Sin embargo, deseché rápidamente tal idea: no podía tratarse de ninguna secuela si era evidente que el director esta vez exageró. Me explico. Tengo la teoría de que hace dos décadas la revelación del reality era tan diciente por sí misma que a todos como que nos tomó por sorpresa que la vida en verdad pudiera ser tan procaz, tanto, que creo que gran parte de las curiosas maneritas de pensar de hoy se le deben a aquel velo descorrido por los muchos intentos similares de hacer algo distinto, a la “sinceridad” como nueva y repentina forma de vivir.

 Pero, hoy, el reality en el cine (y, aunque menos, también en la televisión) recoge sus pasos: hoy el péndulo vuelve a su lugar original en estas materias, y así, quienes han sido los precursores de esa mezcla deliberadamente ambigua entre ficción y realidad para contar historias (Gaviria entre ellos), parece que tienen que recurrir a experimentos desesperados, como la enfática exageración de la violencia (que, es cierto, en el caso colombiano no es ningún recurso estilístico, sino rutina), para mantener al espectador aferrado a algo. 

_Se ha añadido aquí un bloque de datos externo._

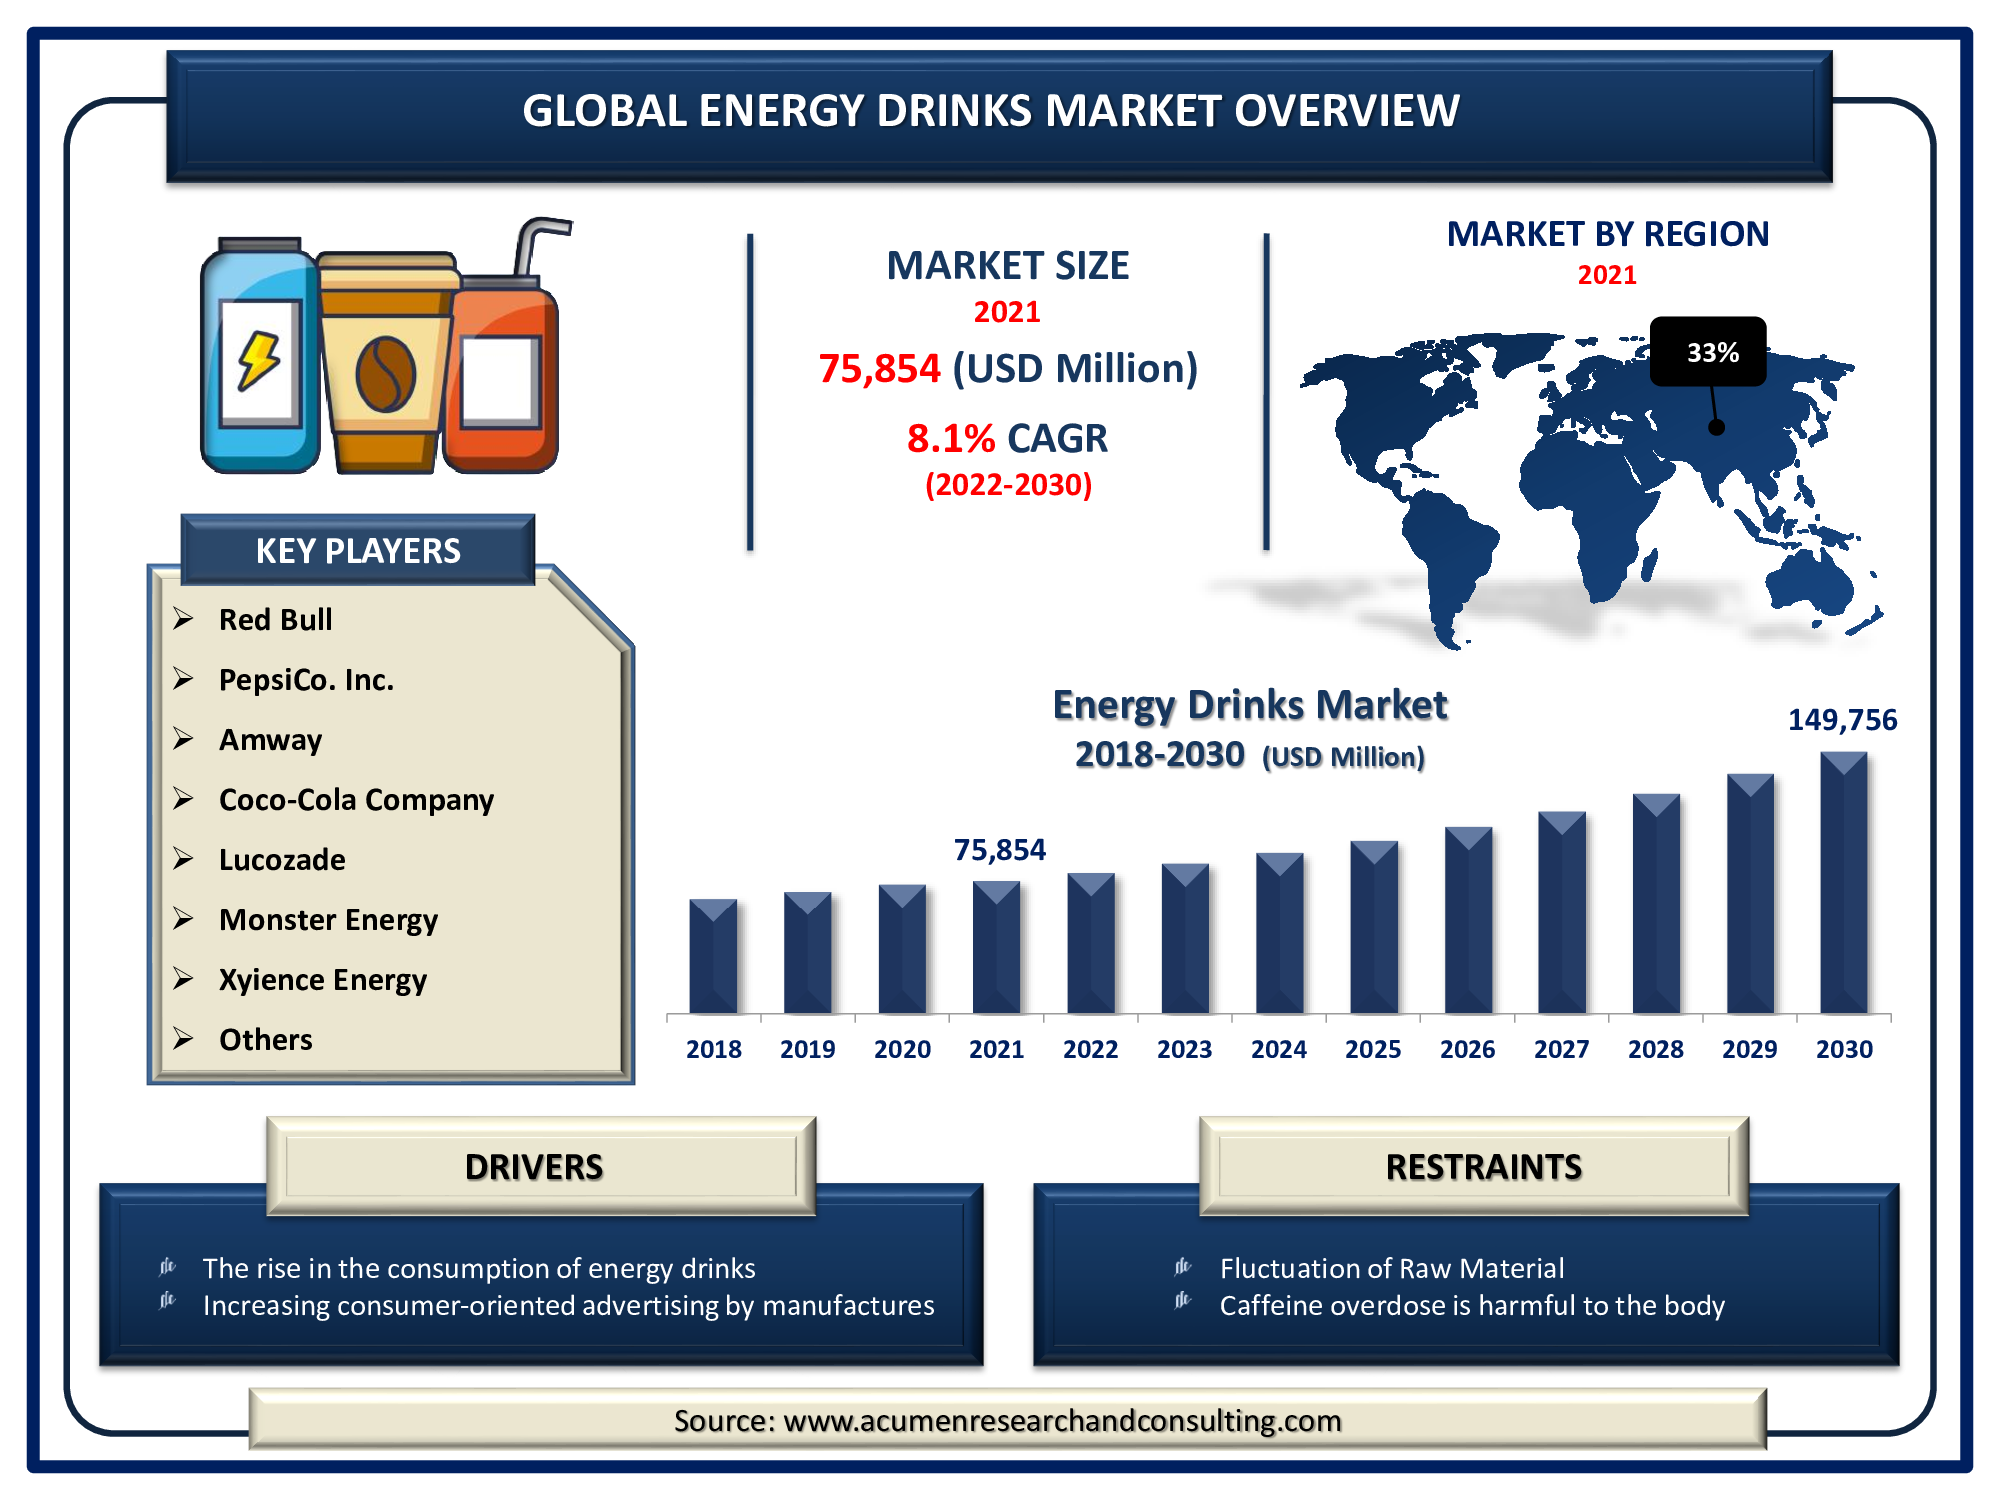 Energy Drinks Market Size was valued at USD 75,854 Million in 2021 and is predicted to be worth USD 149,756 Million by 2030, with a CAGR of 8.1% from 2022 to 2030.

Y no digo que fracasen quienes hacen eso; digo, por el contrario, que lo logran, pero que el costo es alto, porque con esa paradójica vuelta a la ficción desde la “realidad” (el mundo al revés), se manipula muy cruelmente a un espectador que a veces no quiere pensar en más desgracias, sino simplemente respirar por un par de horas: si a la gente le presentan combinada la realidad y la ficción, despegando desde la primera para aterrizar en la segunda, no faltará quien se pierda en los vericuetos del embrollo hasta la angustia misma de no saber qué pasa.

 A esta película le queda el cuestionable mérito de hacer reflexionar con hondura sobre la violencia, la machista y la mafiosa, y sobre otras, especialmente al encenderse las luces. Se dirá, con razón o sin ella, que en Colombia hace falta ver las cosas así. No puedo saberlo con certeza, pero el silencio en el público al final, tenso y denso, podría ser interpretado por no pocos como un aplauso inaudible justamente debido a su tal vez irónica estridencia.